# [SOLVED] Sound Drivers request (INTEL)



## KUiil (May 28, 2008)

> Motherboard Name : Intel Silver Reef D845PESV
> Motherboard Chipset : Intel Brookdale i845PE
> Audio Adapter : Intel 82801DB ICH4 - AC'97 Audio Controller [B-0]


Multimedia Audio Controller has Code 10 error

Basically I need to get sound working.

Notes:
# Intel apparently has a tendency to halt support for old products
# I do not have any driver CD's

Thanks in advance


----------



## dai (Jul 2, 2004)

*Re: Sound Drivers request (INTEL)*

http://downloadcenter.intel.com/Default.aspx


----------



## KUiil (May 28, 2008)

*Re: Sound Drivers request (INTEL)*



dai said:


> http://downloadcenter.intel.com/Default.aspx


I'm there already, but what is it that I need to download?


----------



## dai (Jul 2, 2004)

*Re: Sound Drivers request (INTEL)*

either 7 or 8 whichever matches your chip


----------



## KUiil (May 28, 2008)

*Re: Sound Drivers request (INTEL)*



dai said:


> either 7 or 8 whichever matches your chip


7 or 8...?


----------



## dai (Jul 2, 2004)

*Re: Sound Drivers request (INTEL)*

they are for 2 different sound chips they apparently used on that m/b
8/the realtek is for the hd chip
see what this says you have in it
http://pc-wizard-2008.en.softonic.com/
set a restore point then if you load the wrong one you can do a restore to before you loaded it


----------



## KUiil (May 28, 2008)

*Re: Sound Drivers request (INTEL)*



dai said:


> they are for 2 different sound chips they apparently used on that m/b
> 8/the realtek is for the hd chip
> see what this says you have in it
> http://pc-wizard-2008.en.softonic.com/
> set a restore point then if you load the wrong one you can do a restore to before you loaded it


I can't seem to figure out where it says what my sound chip is.


----------



## dai (Jul 2, 2004)

*Re: Sound Drivers request (INTEL)*

try no.7


----------



## KUiil (May 28, 2008)

*Re: Sound Drivers request (INTEL)*



dai said:


> try no.7


What's the full name of the driver I'm supposed to be downloading for my sound chip?


----------



## dai (Jul 2, 2004)

*Re: Sound Drivers request (INTEL)*

7. Audio: ADI* 1985 Driver

Integrated audio driver for Intel® Desktop Boards using AC '97 processing with the Analog Devices (ADI) codec. 

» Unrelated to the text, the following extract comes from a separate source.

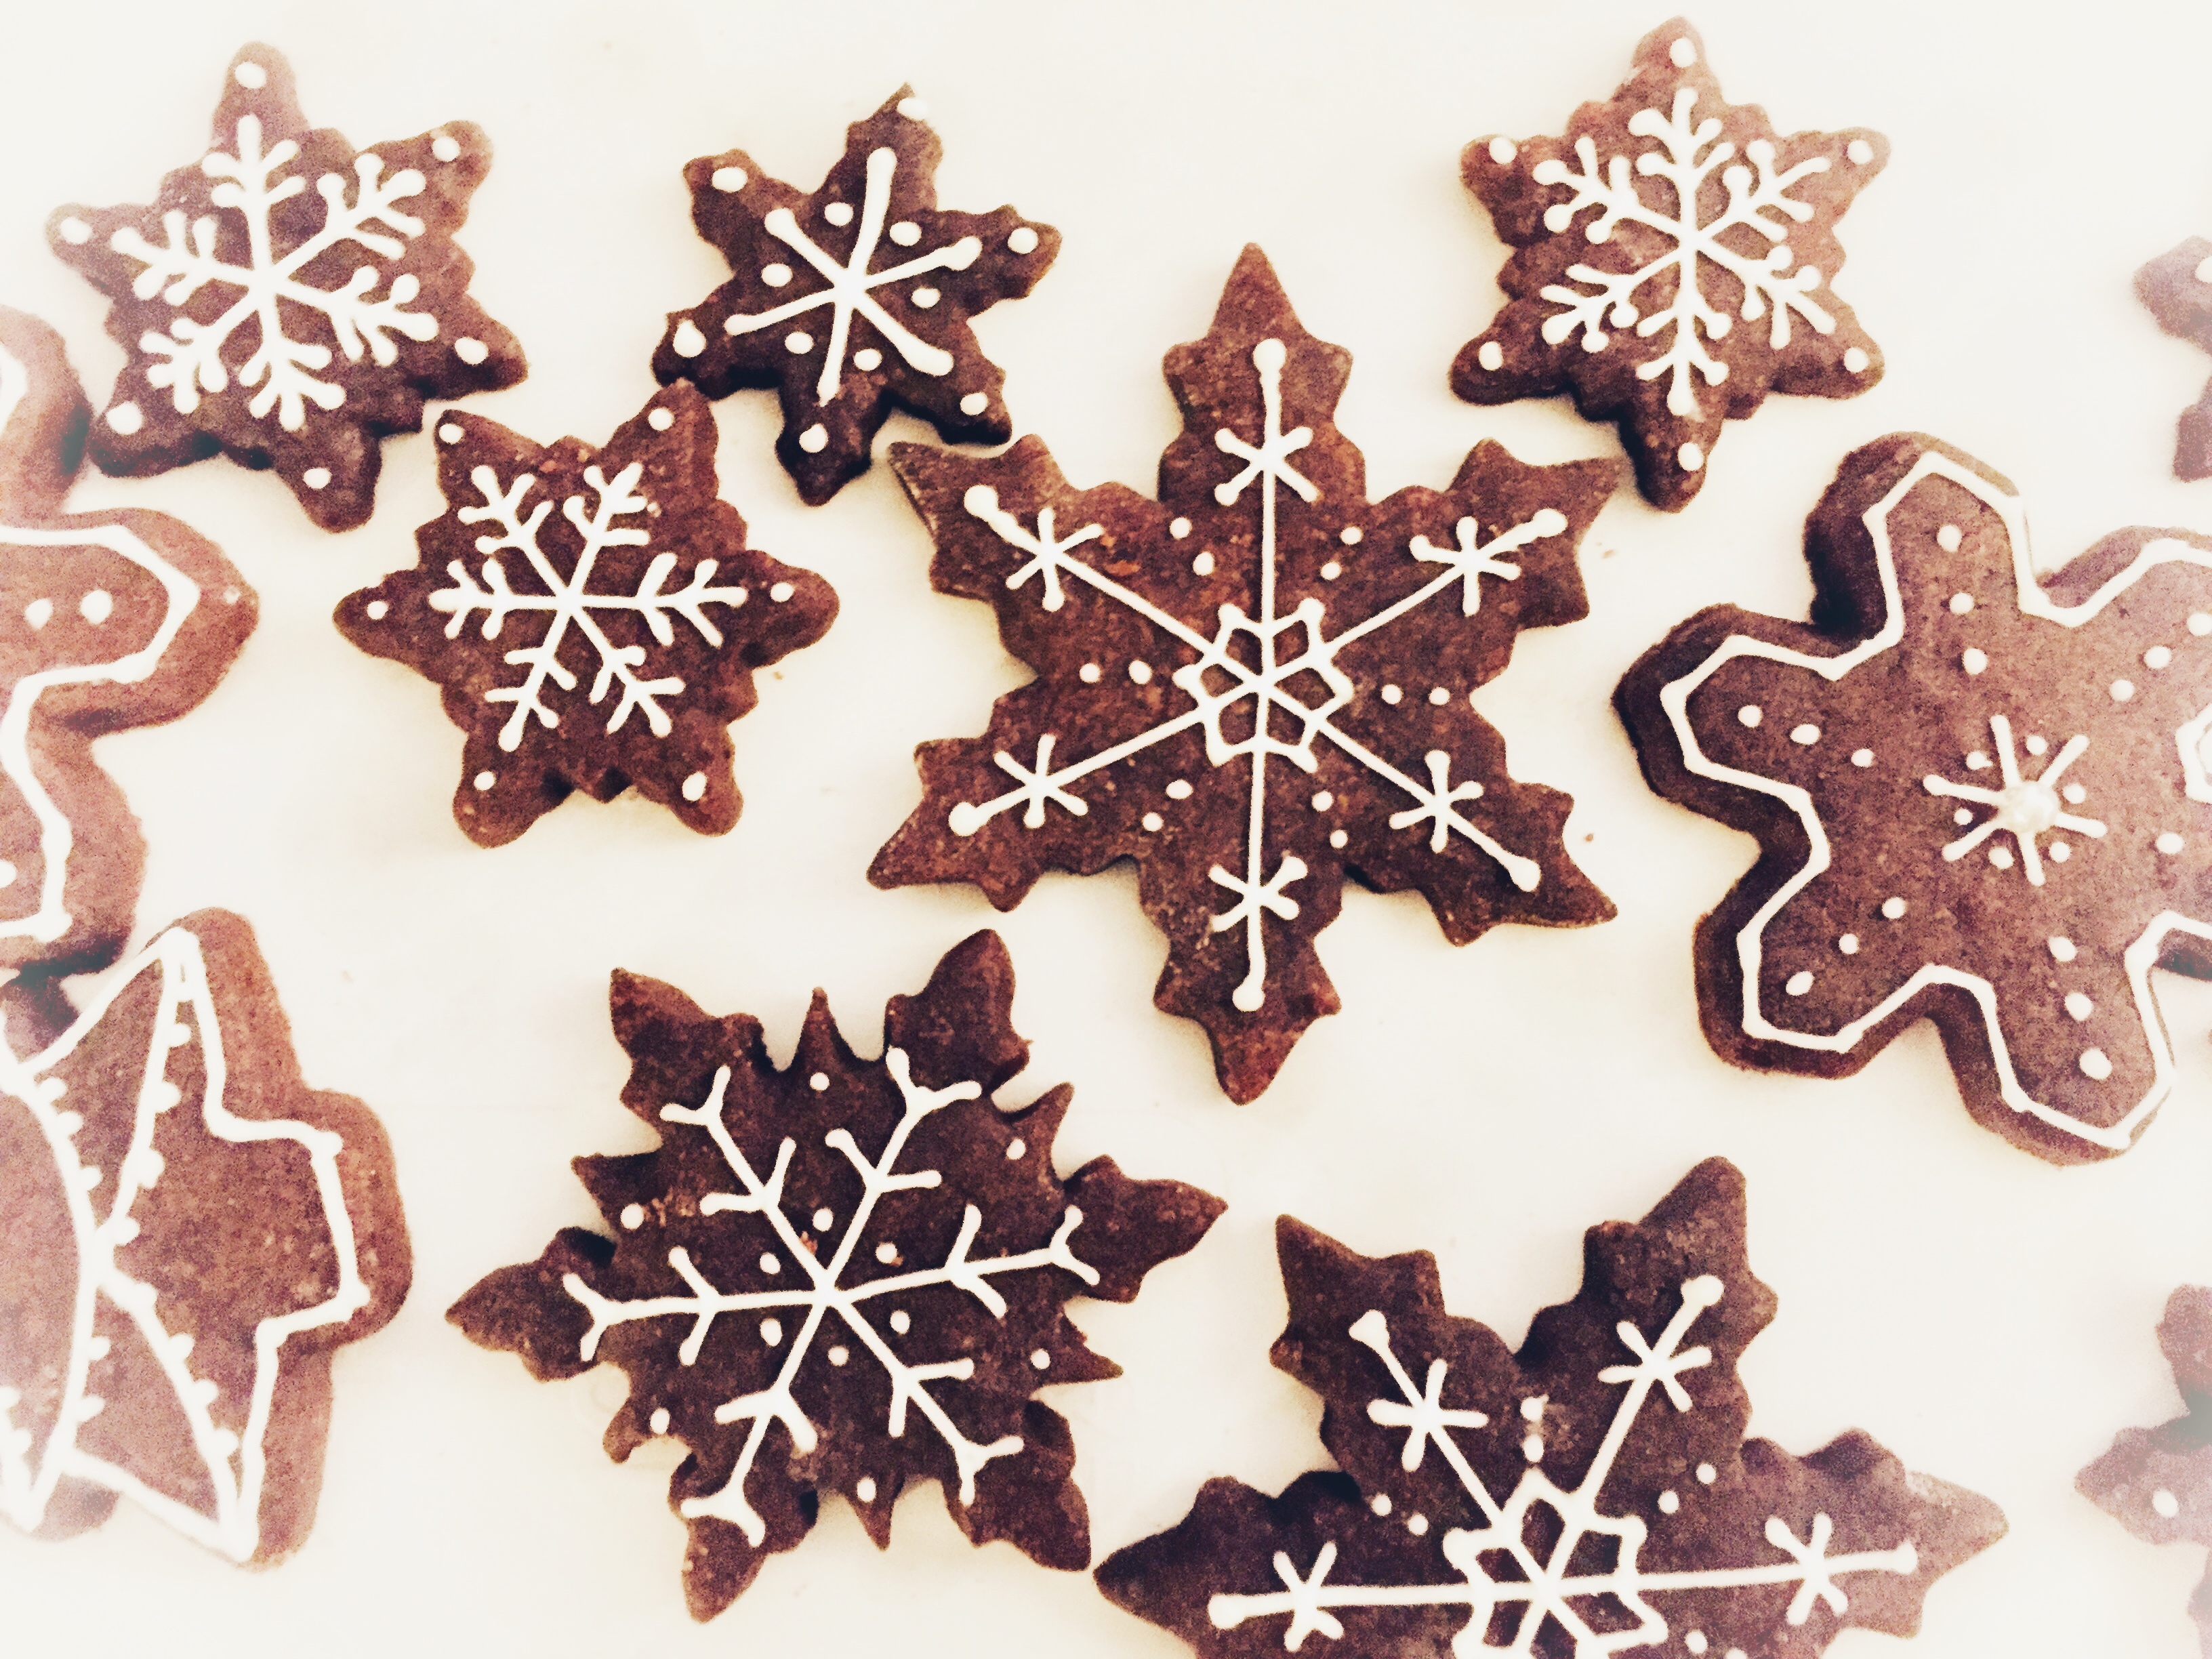 Impasto Per Biscotti Di Natale.Biscotti Di Natale Sablee Al Cacao Decorati Con Ghiaccia Reale Master Of Cakes

8. Audio: Realtek* ALCxxx Driver

Installs the audio driver for Intel® Desktop Boards with Intel® High Definition Audio and the Realtek* codec. (WHQL certified)


----------



## KUiil (May 28, 2008)

*Re: Sound Drivers request (INTEL)*



dai said:


> 7. Audio: ADI* 1985 Driver
> 
> Integrated audio driver for Intel® Desktop Boards using AC '97 processing with the Analog Devices (ADI) codec.
> 
> ...


#7 worked. Sound is there.
Thank you for your help dai.


----------



## dai (Jul 2, 2004)

*Re: Sound Drivers request (INTEL)*

glad you have it sorted


----------